Action item: Exact copies of the lines below, from the one with "Rapport sur TechCrunch." up to and including the one with "Fotografie - Collagen", are what this calls for; leave out pictures.
##### Supplied material #####
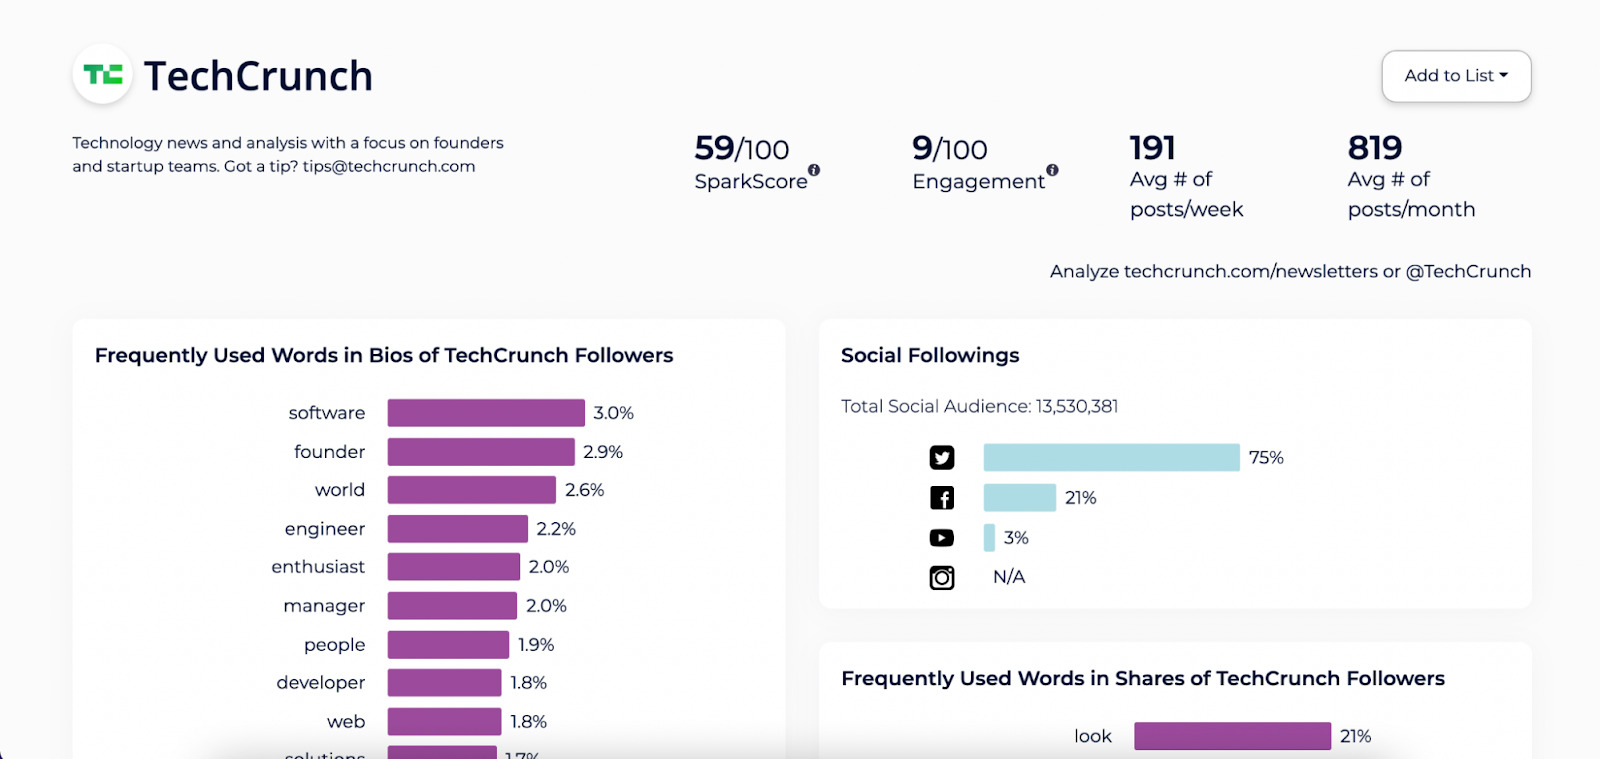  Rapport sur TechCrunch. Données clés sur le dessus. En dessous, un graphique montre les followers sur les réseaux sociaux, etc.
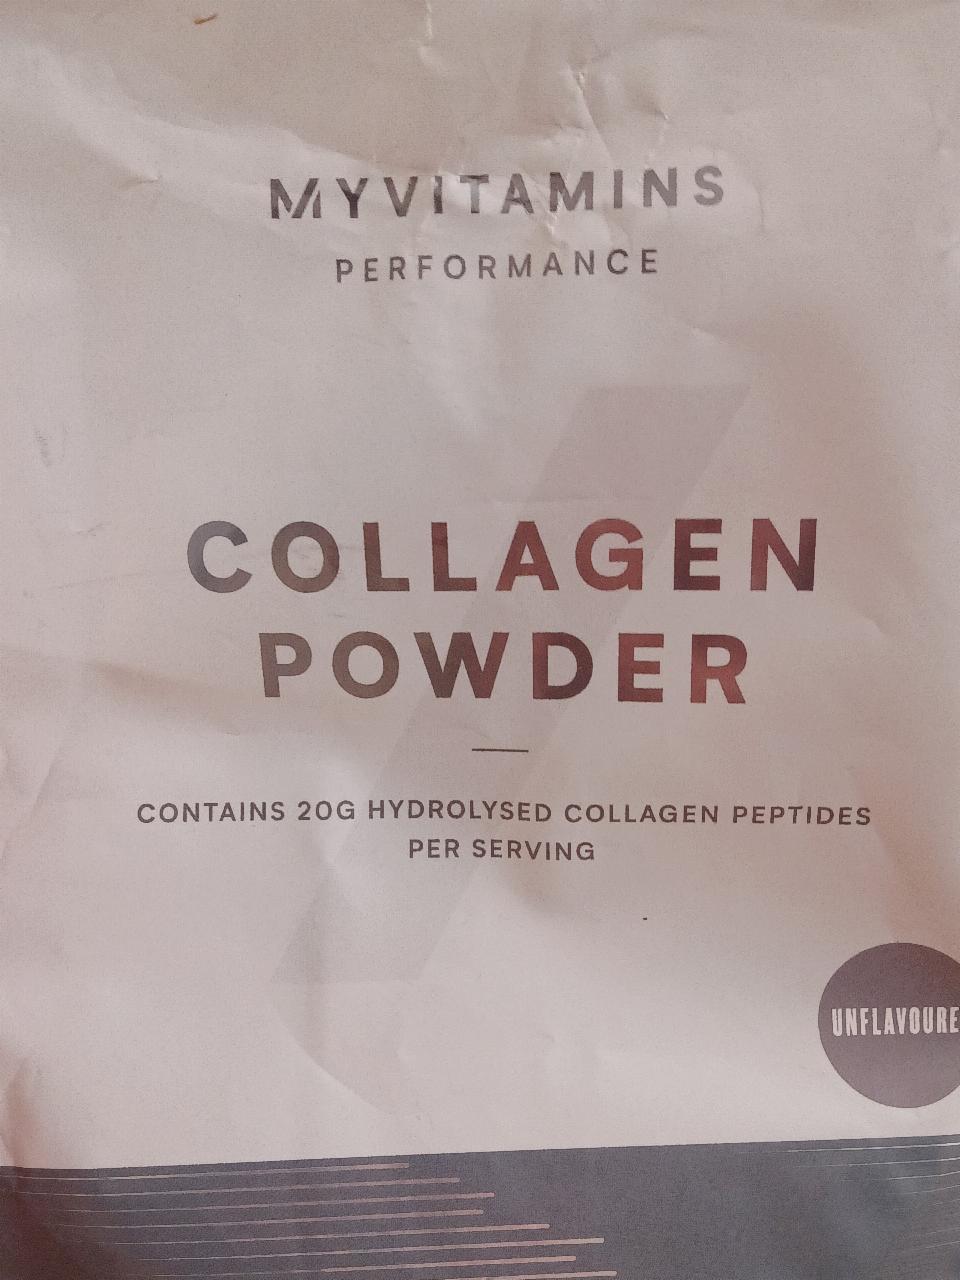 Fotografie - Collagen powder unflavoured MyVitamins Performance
#####
##### Supplied material #####
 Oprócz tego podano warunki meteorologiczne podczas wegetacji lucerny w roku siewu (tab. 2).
#####
Output:
  Rapport sur TechCrunch. Données clés sur le dessus. En dessous, un graphique montre les followers sur les réseaux sociaux, etc.
 Fotografie - Collagen powder unflavoured MyVitamins Performance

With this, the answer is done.